SPÉCIAL HALLOWEEN : LA LÉGENDE SANGLANTE DU BARBIER ET DU PÂTISSIER DE LA RUE CHANOINESSE (PARIS 4e)
- Igor Robinet-Slansky
- il y a 1 jour
- 5 min de lecture

Sur l’île de la Cité, entre les flèches de Notre-Dame et les ruelles du vieux Paris, se cache l’une des adresses les plus troublantes de la capitale. À première vue, la rue Chanoinesse semble paisible : pavés anciens, façades blondes, silence presque monacal. Et pourtant… sous ses pierres dort une légende terrifiante, l’un des récits les plus macabres du vieux Paris : l’affaire du barbier et du pâtissier, née au Moyen Âge et transmise jusqu’à nous, entre frisson et folklore.
À l’approche d’Halloween, l’histoire ressurgit, mêlant crime, vengeance et spectres errants au cœur même du Paris médiéval, et principalement au numéro 20 de la rue Chanoinesse.
LA RUE CHANOINESSE : SOMBRE RUELLE AU CŒUR DE L’ÎLE DE LA CITÉ
La rue Chanoinesse, l’une des plus anciennes de l’île de la Cité, tire son nom des chanoines du chapitre de Notre-Dame, qui y vivaient au Moyen Âge. On y accédait par un lacis de ruelles étroites bordées de maisons en bois, d’échoppes et d’auberges. Å l’époque, dans ce quartier latin qui tient son nom des universités qui s’y trouvaient, on croise de nombreux voyageurs, des petites gens, mais aussi et surtout étudiants, érudits, scientifiques et gens de plume.
Mais derrière la quiétude religieuse et académique des lieux, Paris bruissait alors de rumeurs : disparitions inexpliquées, odeurs suspectes, et une inquiétante pâtisserie où l’on servait, dit-on, les tourtes les plus délicieuses du quartier, grâce à un ingrédient secret… et horrifiant !
LA LÉGENDE DU BARBIER ET DU PÂTISSIER SANGUINAIRES
L’histoire se situe vers 1384-1387, au numéro 20 de la rue Chanoinesse.
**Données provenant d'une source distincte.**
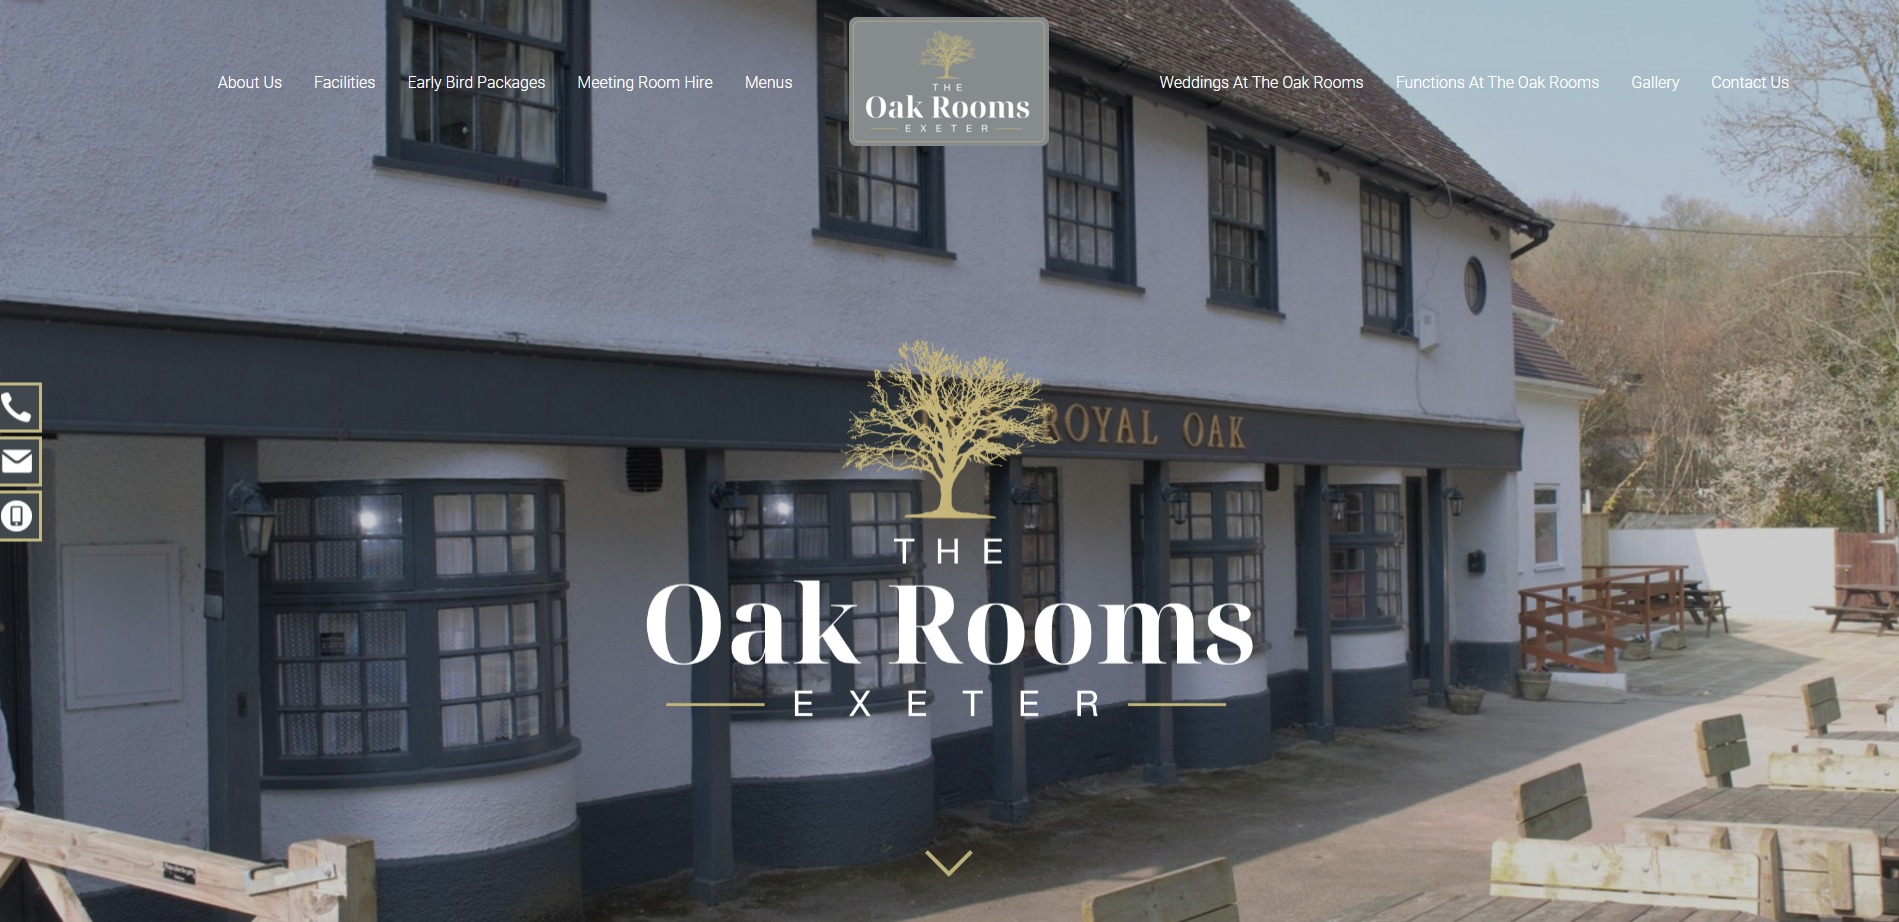 The Oak Rooms - Exeter public house

Un barbier y tenait boutique, juste à côté d’un pâtissier réputé (pour rappel, le pâtissier à l’époque fait des « pâtés ». Le nom évoluera par la suite vers la pâtisserie que l’on connaît). Mais derrière leur apparence tranquille, les deux hommes, voisins et complices, partageaient bien plus qu’un simple mur mitoyen !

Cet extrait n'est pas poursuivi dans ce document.